Compilers can be very efficient with loop optimization (and autovectorization), and benchmarking hand-rolled SIMD methods is tricky. The best way to understand why things perform in a certain way is to look at the generated assembly code.
I've done this before, but only with C and C++. Generating assembly for a binary is just a matter of enabling a switch at compile time (or just using godbolt)s.
On the JVM, things are a bit more tricky. Out of the box, the JDK will produce bytecode for a given object and method. But that's not very useful, since the optimizations I am interested in observing happen at a lower level.
OpenJDK bundles a plugin disassembler, hsdis
, that when used in conjunction with the PrintAssembly
option will
diassemble and print the output of HotSpot's JIT. hsdis
ships with OpenJDK's source but needs to be manually built and installed.

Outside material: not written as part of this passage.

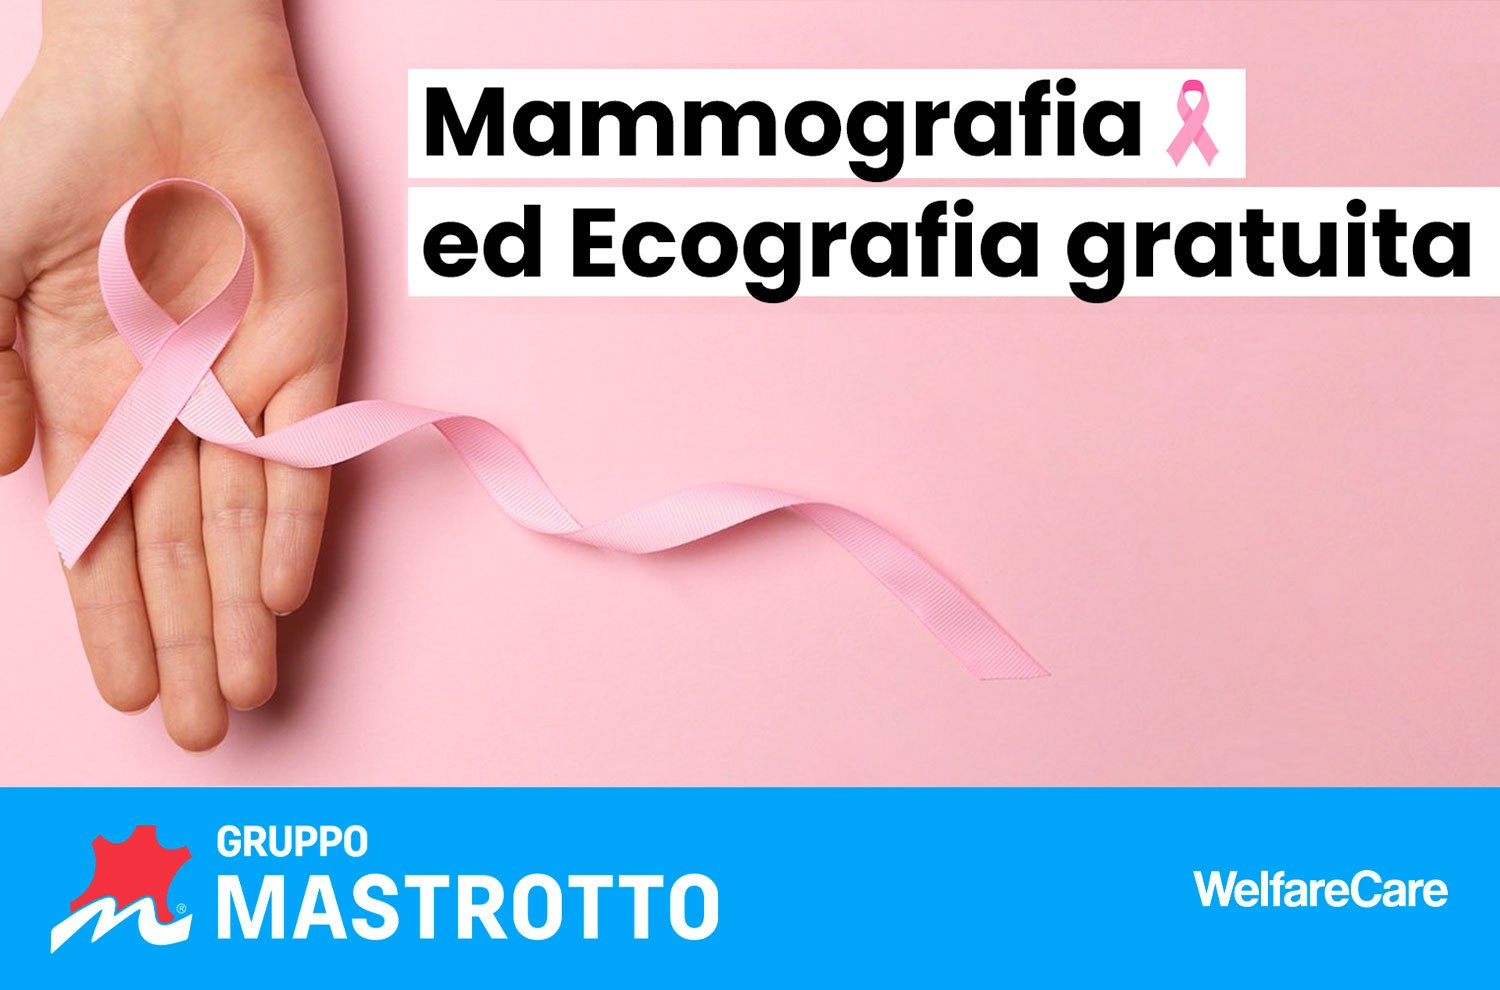 Copertina mammografia ed ecografia gratuita 1/2- Gruppo Mastrotto

Instructions on how to do so are provided in https://github.com/openjdk/jdk/blob/master/src/utils/hsdis/README.md.
Jorn Vernee has an excellent article on building hsdis
with
recent JDKs using an adhoc cmake
script.
These days I manage all my development environments with Nix. While the nixpkgs
repository does not provide a binary for hsdis, building it from scratch is pretty straightforward.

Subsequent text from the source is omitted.